A lot of brain development happening in the first 6 years or so is killing a lot of neural connections and strengthening others.
The leading theory (10 years ago, when I left the field, science can move fast) proposed that this may be why adults rarely remember things before age 3 - but young children have LOADS memories of before age 3 with accounts (anecdotes) of young children having memories of the prenatal phase (“when I was in mama’s belly …”) - I call these anecdotes because I know of of many parents with these anecdotes, but no study that actually looked into validity of these stories.
The theory then simply argues that as the brain matures and kids learn all the new things they need to learn, they retire these very early memories - they simply forget. But they did have them.
It's my understanding that the current research indicates children switch from symbolic memory (memories encoded as symbols and images) to verbal memory, where primary memories are encoded as words and thoughts.
When this switch happens, the symbolic memory becomes essentially inaccessible. Thus why people's memories usually "start" around the time they learn language.
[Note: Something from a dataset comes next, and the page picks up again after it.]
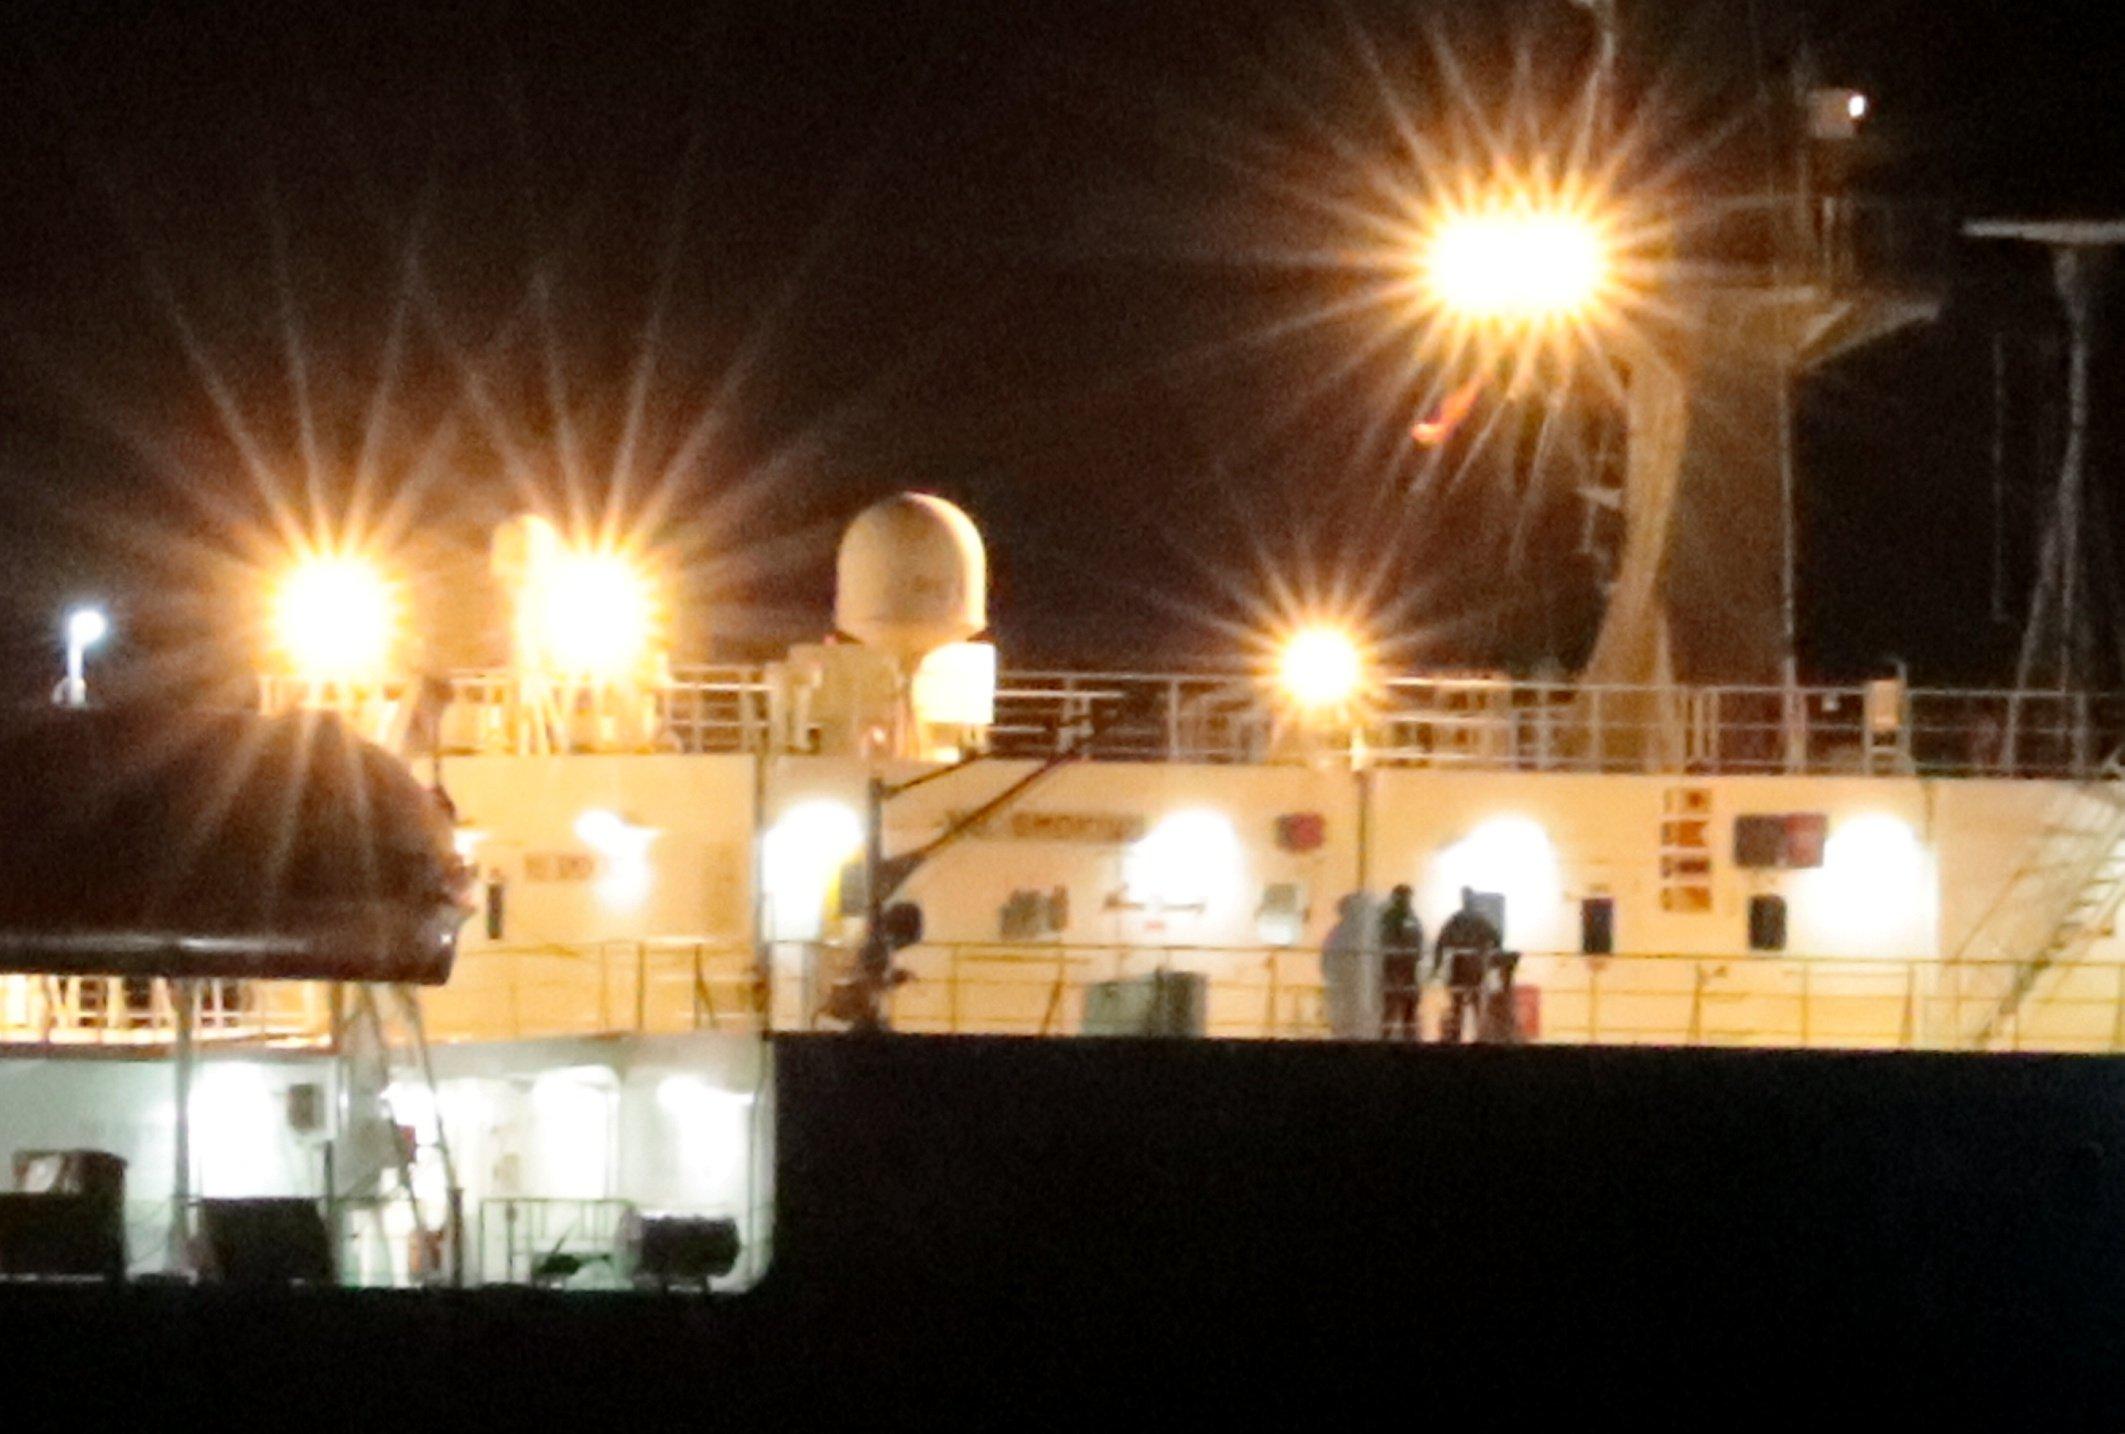 Grande Tema SBS in control off Essex coast this morning. Pix (c) copyright 22.12.18 Scott Huntley 07973 208461 16 CM3 4RP

Wait, so does symbolic memory transition to being primarily language? I assume we retain symbolic memory in some capacity?
So the younger the kid, the earlier memories he will be able to recall? Is there some sort of a hard line where kids are unable to form long form memory?
See point 1 above. We simply do not know. But I would not expect it to be linear. Just that they gradually forget things from very early life as they form new stronger memories of events and skills.